Since its first Starlink launch in 2019, SpaceX has lofted over 1,000 satellites to orbit of the roughly 12,000 needed for continuous global coverage. That deployment pace has been supercharged by Musk’s breakneck push to offer commercial service and start generating revenue to fund SpaceX’s Mars rocket, Starship. In 2018, when development was moving too slow for Musk’s style, he grew angry and fired seven Starlink managers, including the program’s top designer and SpaceX’s VP of satellites. Those two managers now lead Amazon’s Kuiper project.

Last year, SpaceX began an invite-only beta program that now has thousands of users across the US, Canada, and the United Kingdom. Its initial price is pegged at $99 a month, plus $499 for a setup kit that includes a pizza-sized dish.

Amazon’s constellation promises a network of 3,236 low-Earth-orbiting satellites. The online retail giant last month revealed the design for a phased array antenna that can provide “maximum throughput of up to 400 Mbps,” but it has been largely quiet on its deployment timeline or which rocket it’ll use to put the satellites in orbit. Nonetheless, Amazon is one of a handful of organizations to push back on SpaceX’s rapid Starlink deployment campaign for months.

Satellite broadband firm Viasat joined Amazon last year in asking the FCC to deny SpaceX’s application to move nearly 3,000 Starlink satellites to a lower orbit, saying the Starlink system poses “an unreasonable threat to the continued use of the shared orbital environment.” The company escalated its request in December, calling on the FCC to conduct an environmental assessment of Starlink. And some are concerned that SpaceX’s rush to build and invest in its constellation could make it harder for the FCC to regulate it.

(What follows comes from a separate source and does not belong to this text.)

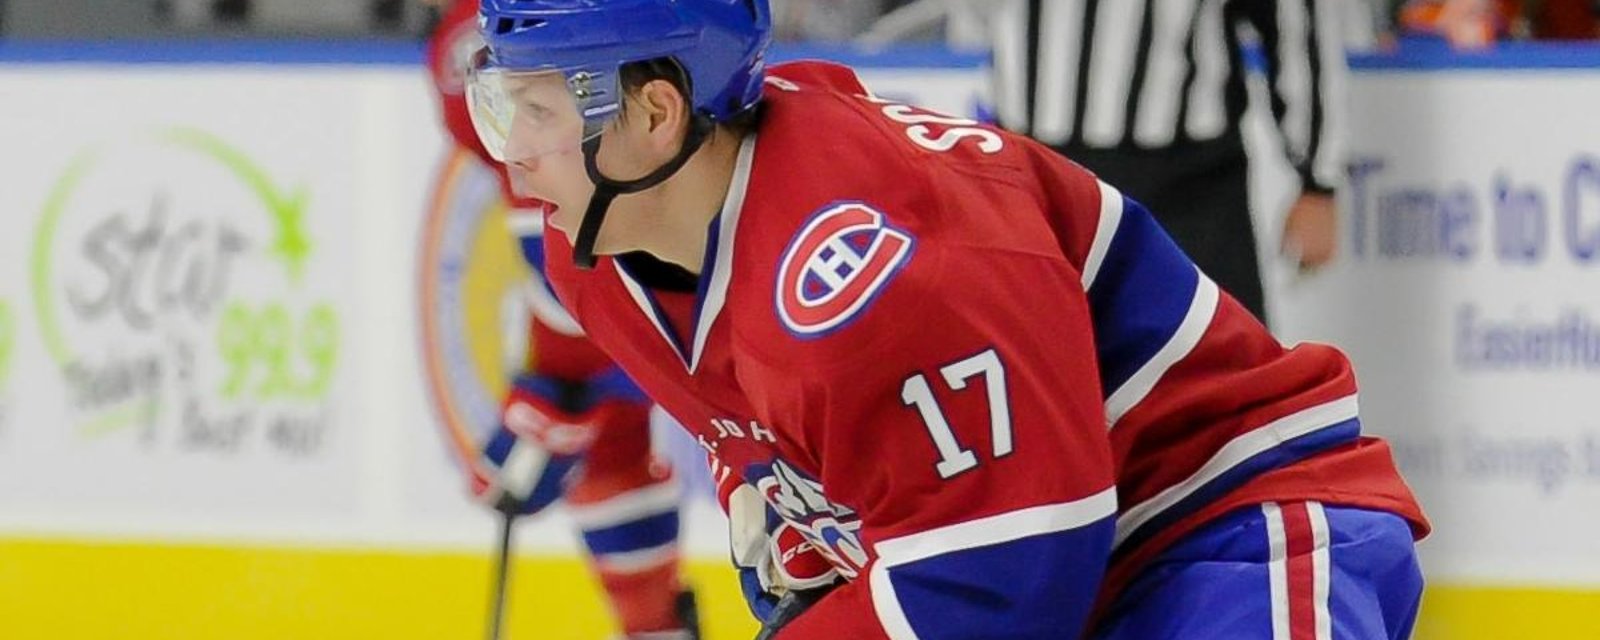 Breaking: Habs' young forward won't return after suffering injury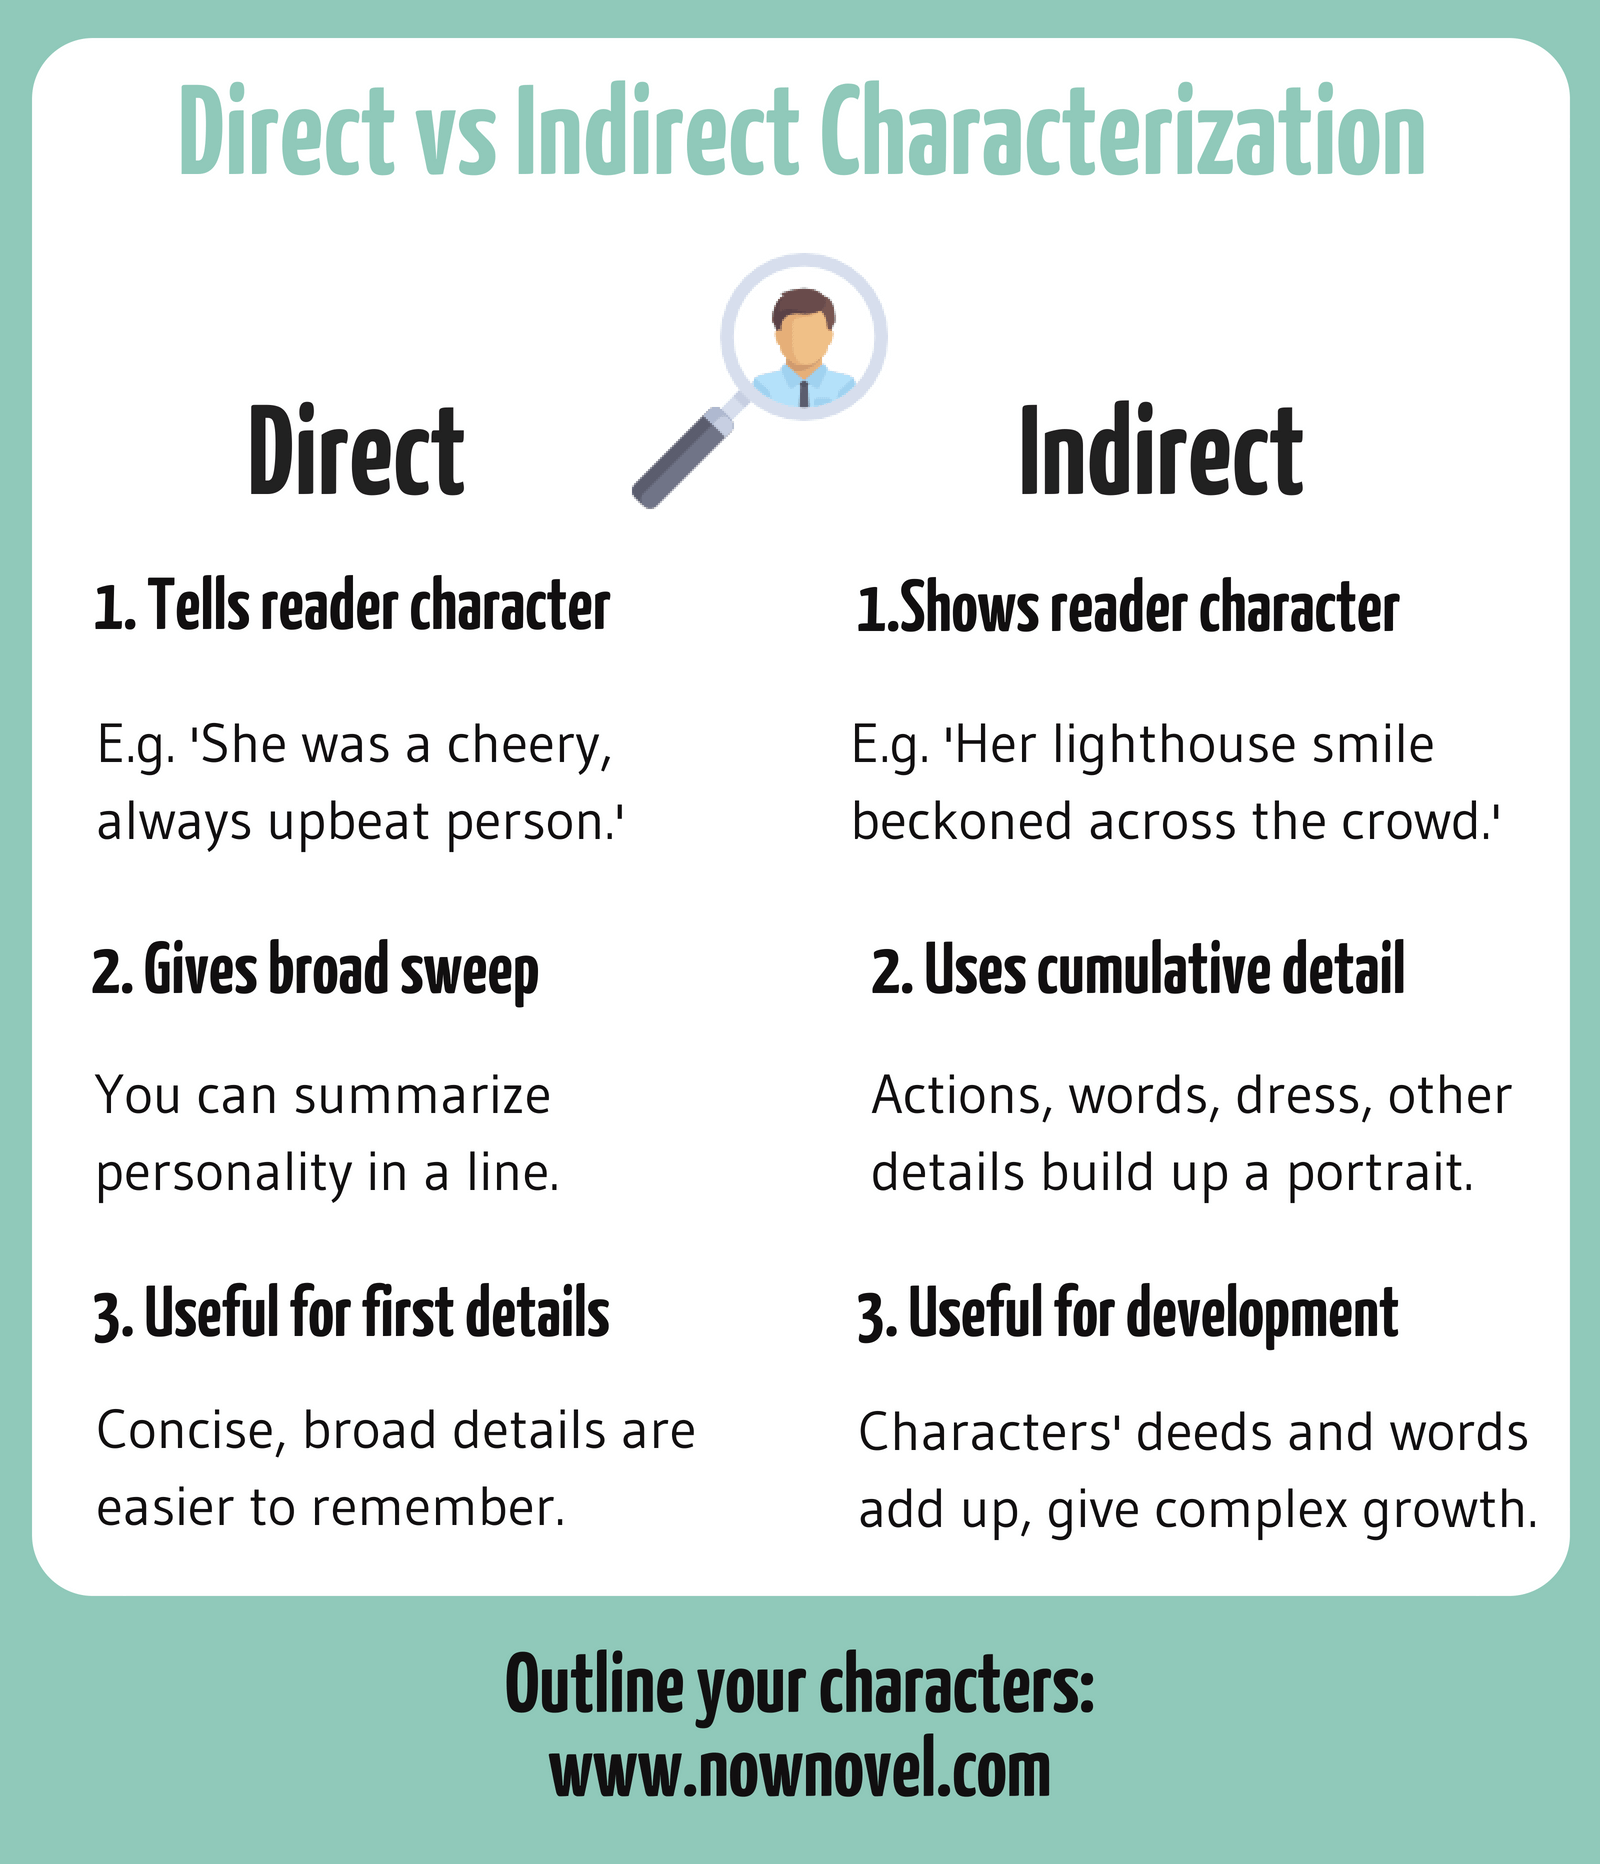 Direct vs indirect characterization - infographic | Now Novel

“I built it, now you can’t change it - good policy is never formed that way.”

“I built it, now you can’t change it - good policy is never formed that way,” John Janka, Viasat’s chief officer for global government affairs, said in an interview.

Since SpaceX began launching its Starlink satellites in batches of 60 atop its Falcon 9 rocket, astronomy organizations have sounded alarms over the satellites’ brightness in the night sky: capturing long-exposure telescopic images of the cosmos from Earth are now often tainted by ugly light streaks produced by the bright satellites passing by.

Jonathan McDowell, a Harvard astronomer who tracks Starlink satellites on the side, said the proximity between SpaceX’s proposed altitude and Amazon’s future satellites is slightly concerning, “but the majority of what they’re asking doesn’t seem, to me, to be really interfering with the Amazon ones.” A bigger commercial concern is SpaceX planting its flag in prime orbital real estate, where “it’s high enough that you don’t have to be constantly re-boosting the orbit and using a lot of fuel, and low enough that if things go wrong it’ll reenter naturally” in the Earth’s atmosphere — a key FCC requirement for mitigating debris in orbit.

“The more SpaceX’s satellites are in that altitude range, the less room there is for other companies to later put stuff there,” McDowell said. “The grabbing-up of all the good territory is a reasonable complaint.”